▶ **DATA FOR THIS TASK**:
··········

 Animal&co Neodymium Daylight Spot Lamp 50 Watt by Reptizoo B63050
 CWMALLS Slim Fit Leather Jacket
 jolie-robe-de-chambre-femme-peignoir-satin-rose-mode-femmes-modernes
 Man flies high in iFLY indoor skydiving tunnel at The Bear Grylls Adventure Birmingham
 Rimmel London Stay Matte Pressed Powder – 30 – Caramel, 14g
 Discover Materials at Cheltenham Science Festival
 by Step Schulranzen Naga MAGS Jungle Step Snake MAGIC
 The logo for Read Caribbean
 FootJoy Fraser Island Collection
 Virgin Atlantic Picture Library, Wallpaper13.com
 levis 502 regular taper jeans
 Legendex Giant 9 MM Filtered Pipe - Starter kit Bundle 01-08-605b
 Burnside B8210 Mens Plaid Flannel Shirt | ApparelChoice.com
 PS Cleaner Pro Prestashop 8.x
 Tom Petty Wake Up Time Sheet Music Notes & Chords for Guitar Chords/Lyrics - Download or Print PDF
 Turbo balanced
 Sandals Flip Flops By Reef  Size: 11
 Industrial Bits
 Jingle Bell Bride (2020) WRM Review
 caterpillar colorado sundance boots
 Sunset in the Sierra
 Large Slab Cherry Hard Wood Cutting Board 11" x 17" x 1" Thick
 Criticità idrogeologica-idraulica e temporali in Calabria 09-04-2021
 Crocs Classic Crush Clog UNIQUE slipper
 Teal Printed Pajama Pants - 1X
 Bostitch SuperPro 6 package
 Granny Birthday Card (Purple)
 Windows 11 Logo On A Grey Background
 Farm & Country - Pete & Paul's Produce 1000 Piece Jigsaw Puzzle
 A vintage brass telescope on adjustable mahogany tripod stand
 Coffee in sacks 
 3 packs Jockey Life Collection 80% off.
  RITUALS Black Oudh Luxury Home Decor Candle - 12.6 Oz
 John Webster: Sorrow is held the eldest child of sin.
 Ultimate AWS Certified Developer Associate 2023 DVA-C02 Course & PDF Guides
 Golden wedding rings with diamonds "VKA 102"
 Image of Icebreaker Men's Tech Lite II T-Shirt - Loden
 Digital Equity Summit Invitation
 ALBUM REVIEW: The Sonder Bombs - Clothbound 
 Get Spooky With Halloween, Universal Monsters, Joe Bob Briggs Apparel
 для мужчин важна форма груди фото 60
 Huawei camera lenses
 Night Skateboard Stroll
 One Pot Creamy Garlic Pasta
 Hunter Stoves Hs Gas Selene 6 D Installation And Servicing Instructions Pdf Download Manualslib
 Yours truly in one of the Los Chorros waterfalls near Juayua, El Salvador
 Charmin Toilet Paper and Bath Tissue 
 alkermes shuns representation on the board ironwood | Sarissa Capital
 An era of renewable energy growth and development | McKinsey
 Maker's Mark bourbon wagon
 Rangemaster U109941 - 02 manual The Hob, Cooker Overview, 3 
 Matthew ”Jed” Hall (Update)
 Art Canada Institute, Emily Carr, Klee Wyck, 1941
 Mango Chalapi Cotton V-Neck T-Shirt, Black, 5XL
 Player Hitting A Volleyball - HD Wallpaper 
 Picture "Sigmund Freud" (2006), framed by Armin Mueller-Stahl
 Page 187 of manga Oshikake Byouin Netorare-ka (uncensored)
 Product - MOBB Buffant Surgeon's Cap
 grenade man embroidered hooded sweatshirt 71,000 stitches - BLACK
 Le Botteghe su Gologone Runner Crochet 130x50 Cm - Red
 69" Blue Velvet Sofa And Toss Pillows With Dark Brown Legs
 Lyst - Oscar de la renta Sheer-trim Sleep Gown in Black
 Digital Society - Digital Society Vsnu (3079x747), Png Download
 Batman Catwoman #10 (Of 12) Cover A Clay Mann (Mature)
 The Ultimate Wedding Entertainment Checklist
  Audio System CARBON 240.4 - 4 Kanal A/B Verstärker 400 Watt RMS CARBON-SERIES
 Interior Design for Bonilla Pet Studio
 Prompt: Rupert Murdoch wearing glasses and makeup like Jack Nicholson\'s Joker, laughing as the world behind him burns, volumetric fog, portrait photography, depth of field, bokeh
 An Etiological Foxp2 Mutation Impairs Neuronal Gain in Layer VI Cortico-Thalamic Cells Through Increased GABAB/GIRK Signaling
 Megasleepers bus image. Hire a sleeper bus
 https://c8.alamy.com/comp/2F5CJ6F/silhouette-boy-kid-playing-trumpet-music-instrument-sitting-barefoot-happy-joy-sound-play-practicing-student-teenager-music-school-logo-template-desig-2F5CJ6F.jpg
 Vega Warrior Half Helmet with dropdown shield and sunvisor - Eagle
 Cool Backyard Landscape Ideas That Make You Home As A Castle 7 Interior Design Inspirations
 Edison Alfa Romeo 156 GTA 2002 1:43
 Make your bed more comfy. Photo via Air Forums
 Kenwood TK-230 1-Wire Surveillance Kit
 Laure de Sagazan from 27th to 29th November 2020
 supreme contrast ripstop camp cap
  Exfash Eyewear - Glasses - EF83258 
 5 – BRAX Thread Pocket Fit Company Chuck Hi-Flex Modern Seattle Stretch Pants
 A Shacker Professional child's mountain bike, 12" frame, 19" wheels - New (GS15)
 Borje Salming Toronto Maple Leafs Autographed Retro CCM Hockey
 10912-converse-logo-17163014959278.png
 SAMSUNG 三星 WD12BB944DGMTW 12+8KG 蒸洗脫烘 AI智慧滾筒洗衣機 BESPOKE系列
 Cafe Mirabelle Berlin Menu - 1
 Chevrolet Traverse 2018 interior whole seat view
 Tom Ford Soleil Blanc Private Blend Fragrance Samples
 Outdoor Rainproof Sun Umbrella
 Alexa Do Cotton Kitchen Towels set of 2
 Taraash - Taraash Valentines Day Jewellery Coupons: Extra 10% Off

··········

▶ **THE PROBLEM**: Go back to the listing above. Copy word for word the lines from the one with "5 – BRAX Thread" through the one with "10912-converse-logo-17163014959278.png", and nothing more.

▶ **SOLUTION**:
 5 – BRAX Thread Pocket Fit Company Chuck Hi-Flex Modern Seattle Stretch Pants
 A Shacker Professional child's mountain bike, 12" frame, 19" wheels - New (GS15)
 Borje Salming Toronto Maple Leafs Autographed Retro CCM Hockey
 10912-converse-logo-17163014959278.png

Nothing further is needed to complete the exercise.